By Toyin Akinosho
Equatorial Guinea’s first nine months of 2014 have been that of declining production, to go by the latest activity map published by the country’s Ministry of Mines, Industry and Energy. Condensate output in the Punta Europa gas plant fell to 37,000BPD in the third quarter of 2014, from 42,000BPD average in 2013; Average production in Alen by the fourth quarter of 2014 was 1,000BCPD short of 2013 average of 26,000BCPD; the Okume oil complex in the Rio Muni Basin delivered 42,000BOPD on average so far in 2014, down from 44,000BOPD average for all of 2013; and the Aseng field output fell to 41,000BOPD on average so far in 2014, compared with 43,000BOPD in 2013. In effect, the country’s hydrocarbon output continues its decline path from 2013 (see chart).
But Equatorial Guinea is still not a push over in the West African upstream market.
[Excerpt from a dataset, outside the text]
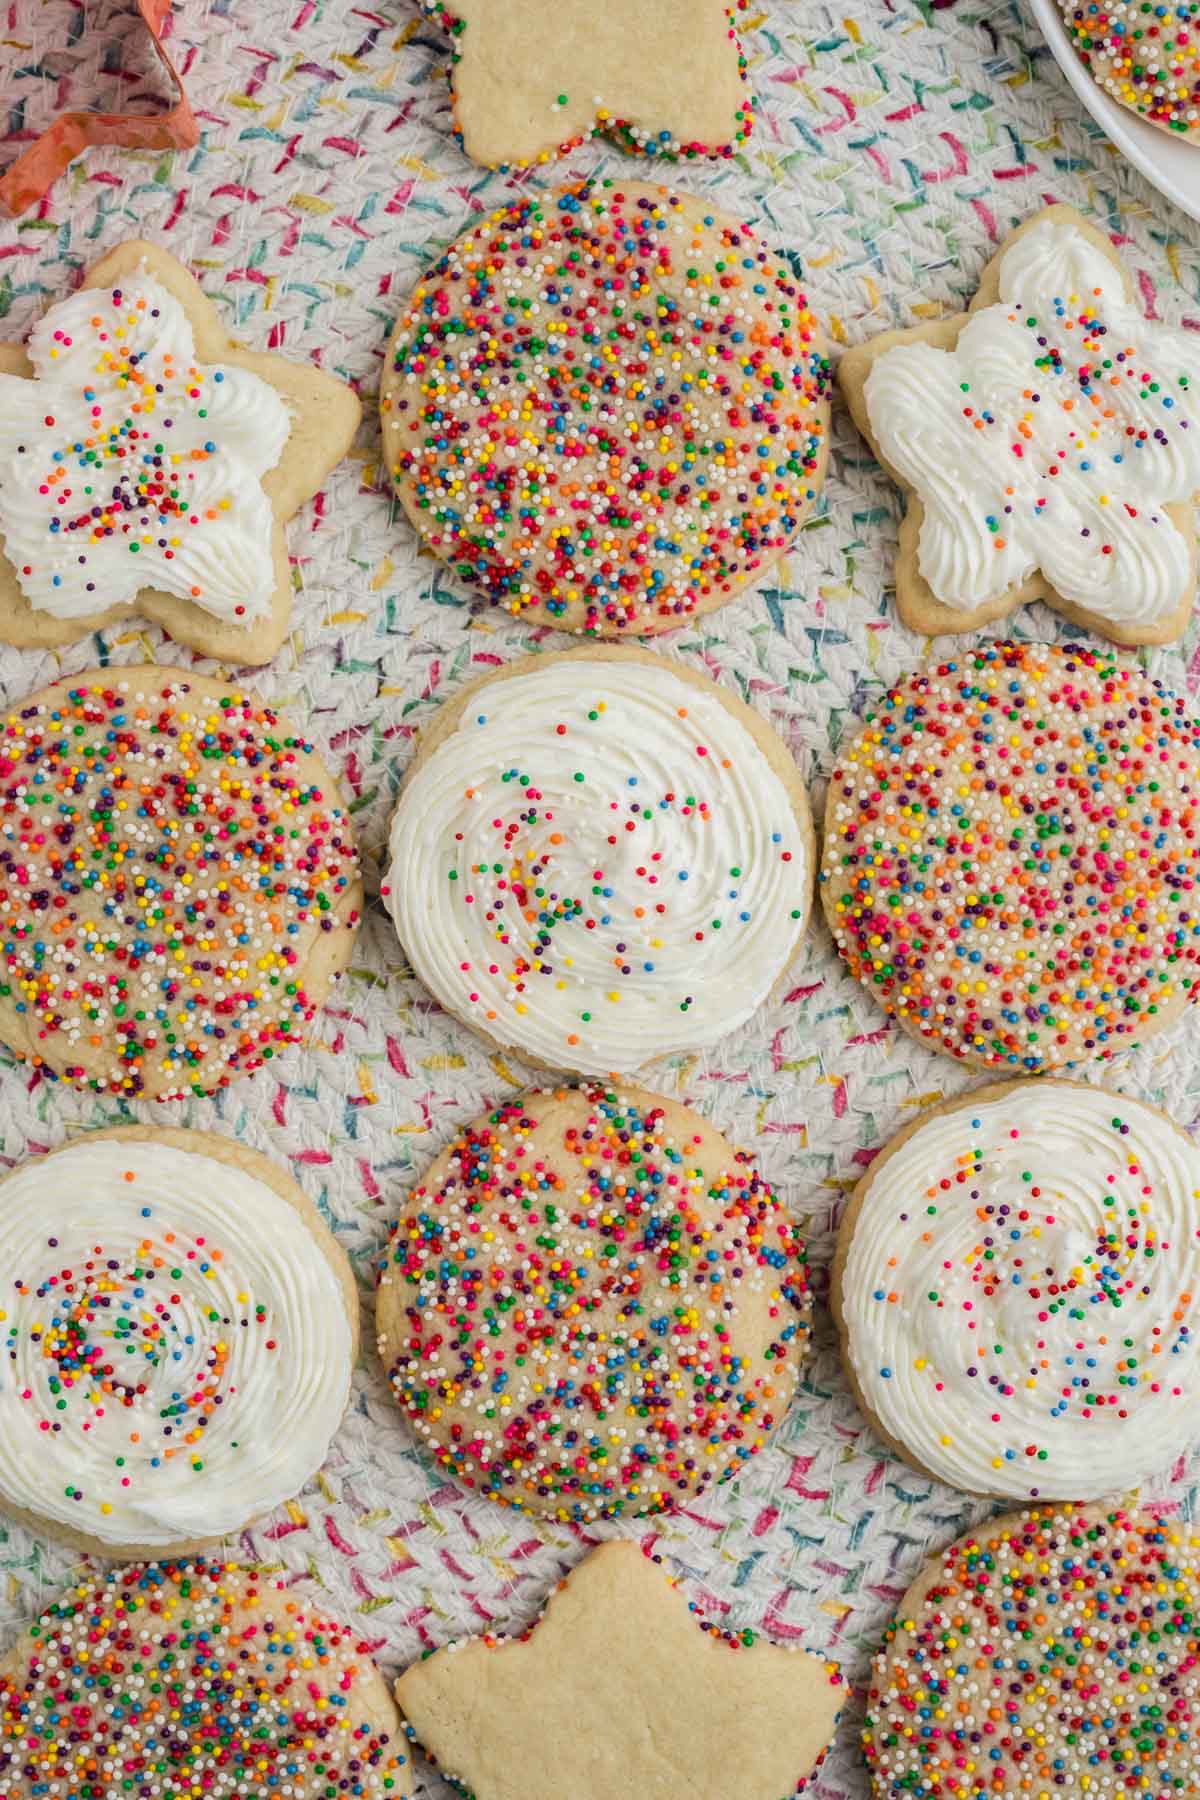 Sugar cookies with frosting and sprinkles.

The Noble Energy operated Carla field targets first production in early 2016. In Diega field, where five well bores have encountered oil and gas, an aggressive appraisal drilling is on schedule. London listed Ophir claims it has encountered 3.4Tcf in Block R and has proposed a 3MMTPA Floating LNG, which it hopes will get investment sanction in the first quarter of 2016.